II. Football’s Scale and Risk Are Not Shared by Other Sports
The NCAA’s most fundamental problem is structural: football’s economic and legal realities are not shared by the rest of college athletics.
Football alone:
- Drives the overwhelming majority of revenue
- Bears the greatest injury and liability risk
- Generates the bulk of NIL activity
- Attracts nearly all antitrust scrutiny
Yet its rules are still negotiated and enforced within a system designed to protect non-revenue and Olympic sports. This creates an unavoidable conflict. Rules that may be defensible for cross country or swimming are indefensible when applied to a sport that functions as a national labor market.
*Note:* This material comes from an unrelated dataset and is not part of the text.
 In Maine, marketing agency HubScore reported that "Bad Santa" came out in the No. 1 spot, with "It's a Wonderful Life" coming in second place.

As we will address in later papers, the current system doesn’t benefit those athletes either.
As a result, football rules are either:
1. So restrictive they invite legal challenge, or
2. So porous they are enforced selectively and inconsistently
Neither outcome serves athletes, schools, or the public.
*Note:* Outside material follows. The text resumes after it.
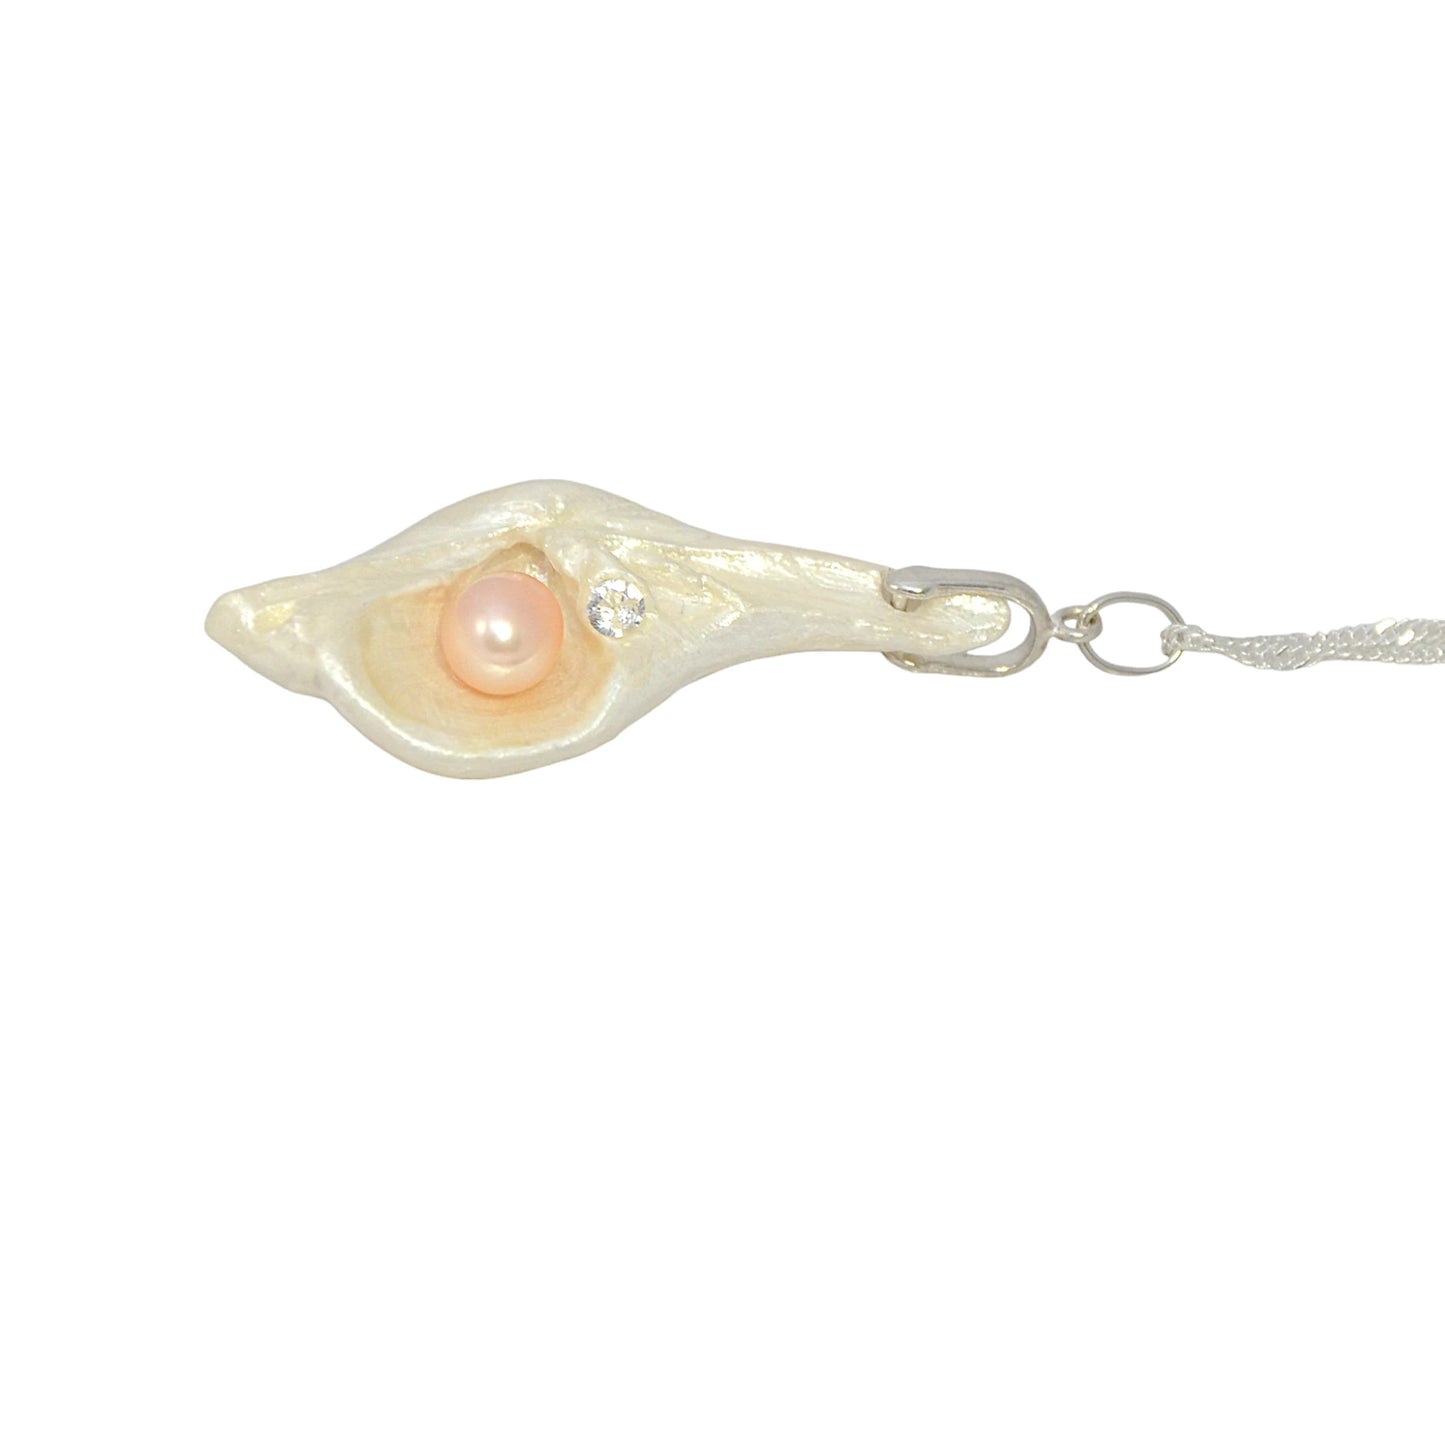 The pendant is laying on its side to show the viewer the pearl and faceted herkimer diamond.

Separation is not abandonment. It is specialization.
III. Reform From Within Has Failed—Repeatedly
Some argue that college football can be “fixed” from inside the NCAA through better enforcement, clearer guidance, or incremental reform. This argument misunderstands the nature of the problem.
The NCAA is a consensus-based organization whose membership includes hundreds of institutions with fundamentally divergent interests. Football reform requires decisive action, uniform rules, and enforceable labor standards. The NCAA is structurally incapable of delivering those outcomes.
Every recent attempt at internal reform—transfer rules, NIL guidance, eligibility waivers—has followed the same pattern:
- A crisis forces rapid change
- The change is incomplete or internally inconsistent
- Enforcement becomes discretionary
- Litigation follows
This is not a failure of effort or good faith. It is a failure of institutional design.
IV. Separation Is Not Radical—It Is Conservative
The proposal to separate college football from the NCAA is often described as “radical.” In truth, it is conservative in the best sense of the word.
It preserves:
- University affiliation
- Traditional rivalries
- Academic integration
- Non-football sports under the NCAA umbrella
What it rejects is the pretense that one governing body can responsibly regulate both Olympic sports and a quasi-professional football enterprise under the same legal and economic assumptions.
Every mature system adapts by specialization. Higher education does this. Professional sports do this. Even governments do this, by enumerating powers and limiting jurisdiction.
College football has simply failed to do so—until now.
V. The Case for a New Federation
A football-specific federation would not exist to maximize profit or erase tradition. It would exist to restore order.
Its purpose would be to:
- Establish clear, uniform eligibility rules
- Negotiate athlete compensation through collective bargaining
- Create a coherent calendar and transfer system
- Reduce legal exposure through transparent governance
- Allow non-football sports to flourish without distortion
In short, it would align authority with reality.
The alternative—continuing to stretch an outdated framework to cover a fundamentally different enterprise—guarantees further instability. Courts will continue to intervene. Rules will continue to change mid-season. Credibility will continue to erode.
VI. A Moment That Requires Choice
College football now stands at a constitutional moment. It can either continue governing itself through improvisation and exception—or it can acknowledge what it has become and build institutions worthy of that reality.
Secession, in this context, is not an act of defiance. It is an act of responsibility.
The papers that follow will outline what such a federation could look like: its structure, its labor framework, its eligibility rules, and its calendar. But none of that matters unless the first step is taken.
College football must leave the NCAA—not to destroy the game, but to save it.